__Input data__.

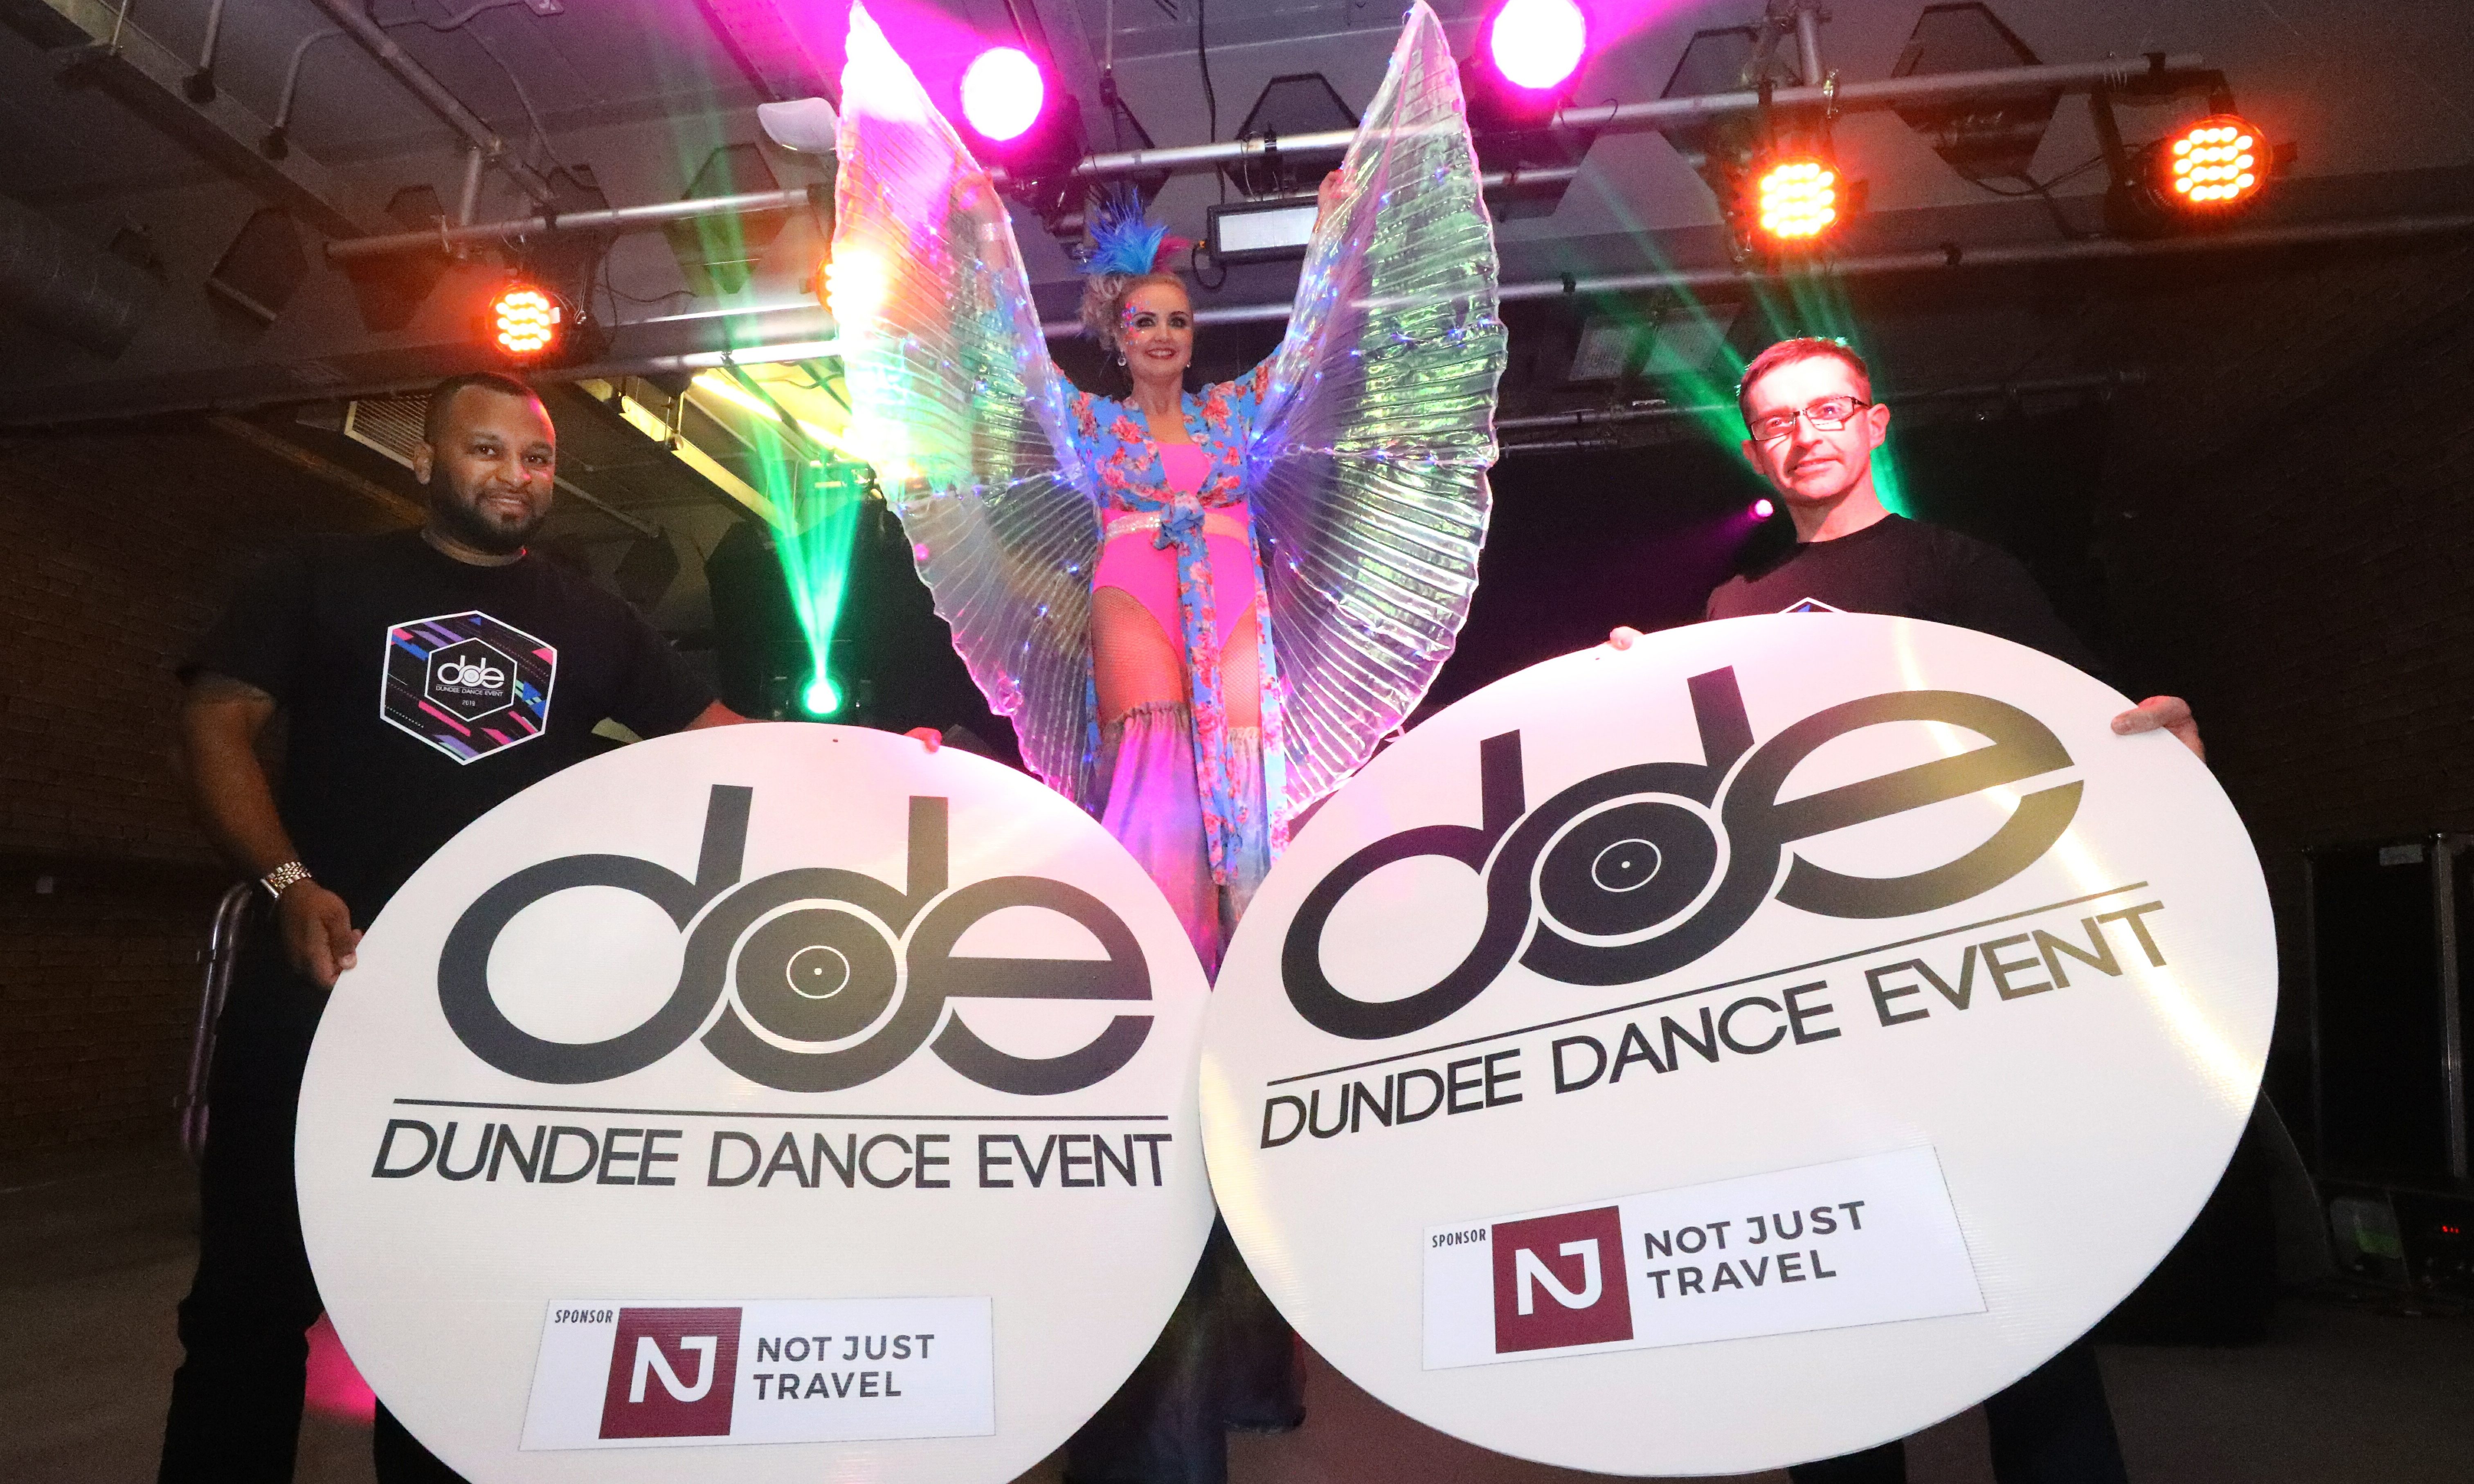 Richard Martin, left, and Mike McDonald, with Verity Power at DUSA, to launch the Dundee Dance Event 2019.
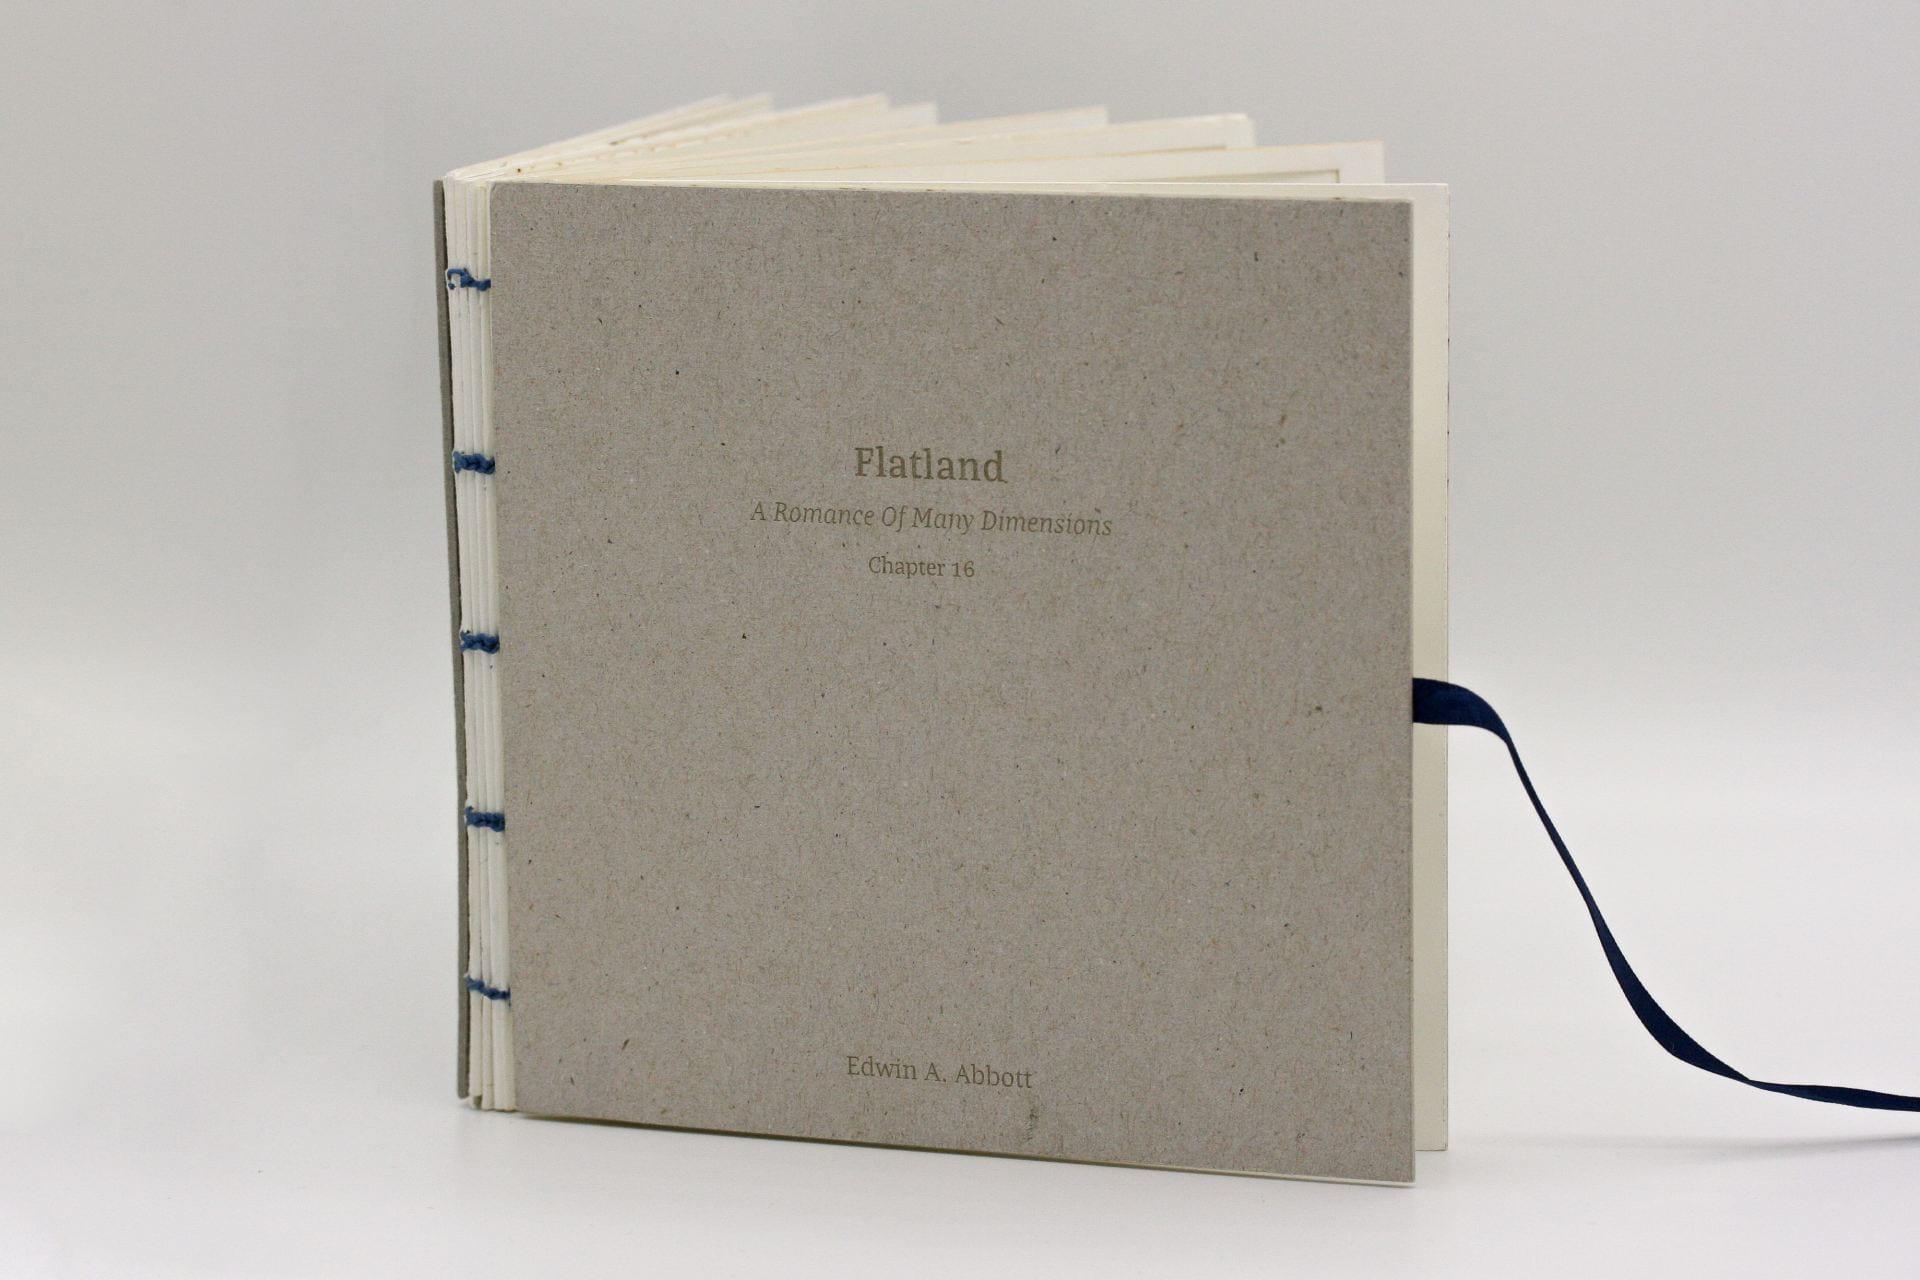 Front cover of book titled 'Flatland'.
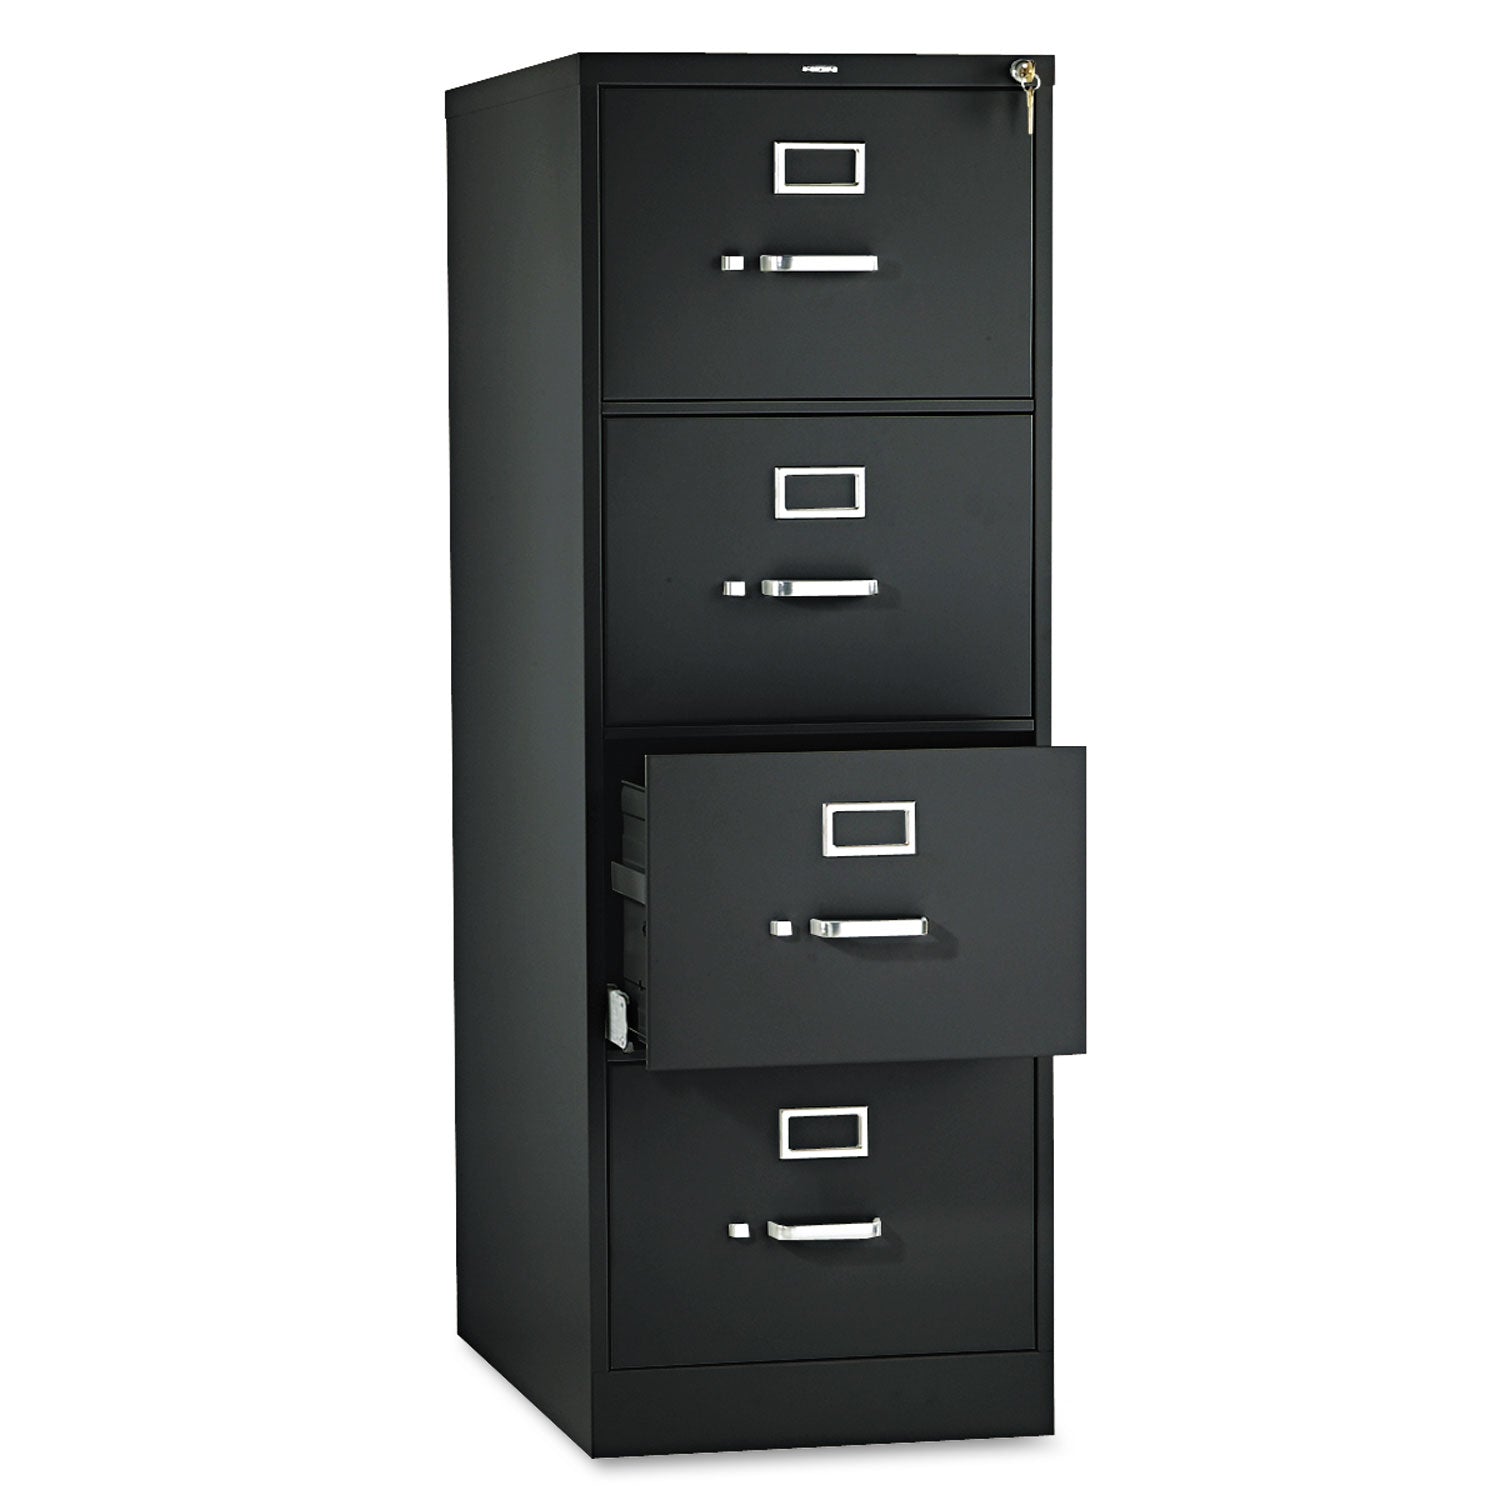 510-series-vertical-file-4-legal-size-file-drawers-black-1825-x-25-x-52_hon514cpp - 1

__What needs to be done__. Once more, give the listing above exactly, leaving each picture out.

__Finished task__.
 Richard Martin, left, and Mike McDonald, with Verity Power at DUSA, to launch the Dundee Dance Event 2019.
 Front cover of book titled 'Flatland'.
 510-series-vertical-file-4-legal-size-file-drawers-black-1825-x-25-x-52_hon514cpp - 1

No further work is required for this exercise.